Charles Bennett

No. 75, 93
- Position: Defensive end

Personal information
- Born: February 6, 1963 (age 63) Alligator, Mississippi, U.S.
- Listed height: 6 ft 5 in (1.96 m)
- Listed weight: 257 lb (117 kg)

Career information
- High school: Coahoma County
- College: Louisiana
- NFL draft: 1985: 7th round, 190th overall pick

Career history
- Chicago Bears (1985)*; Saskatchewan Roughriders (1985); Dallas Cowboys (1986)*; Miami Dolphins (1987); Cleveland Browns (1989)*;
- * Offseason and/or practice squad member only
- Stats at Pro Football Reference

= Charles Bennett (defensive end, born 1963) =

American football player (born 1963)

Charles Anthony Bennett (born February 9, 1963) is an American former professional football player who was a defensive end for the Miami Dolphins of the National Football League (NFL).
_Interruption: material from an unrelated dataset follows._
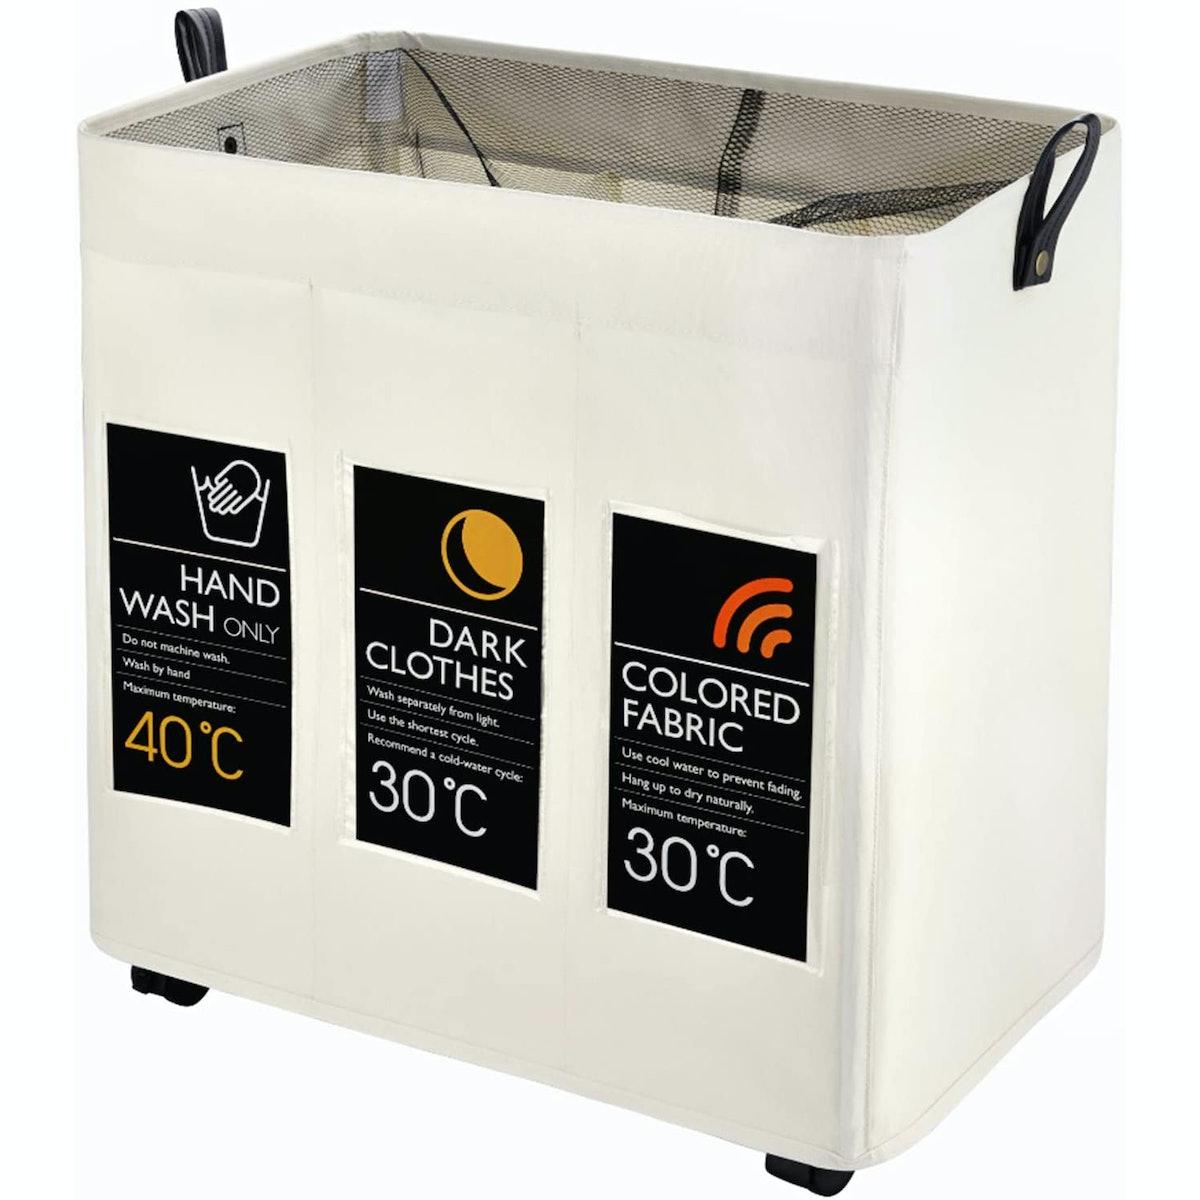 Caroeas 3-Bag Laundry Sorter

He played college football for the Louisiana Ragin' Cajuns. Bennett was selected by the Chicago Bears in the seventh round of the 1985 NFL draft. He played one game for the Saskatchewan Roughriders of the Canadian Football League (CFL) in 1985, and played three games for Miami in 1987.

Bennett met his wife, Patricia (née Phaneuf), when he was playing in Saskatchewan. Their son Anthony became a CFL defensive lineman.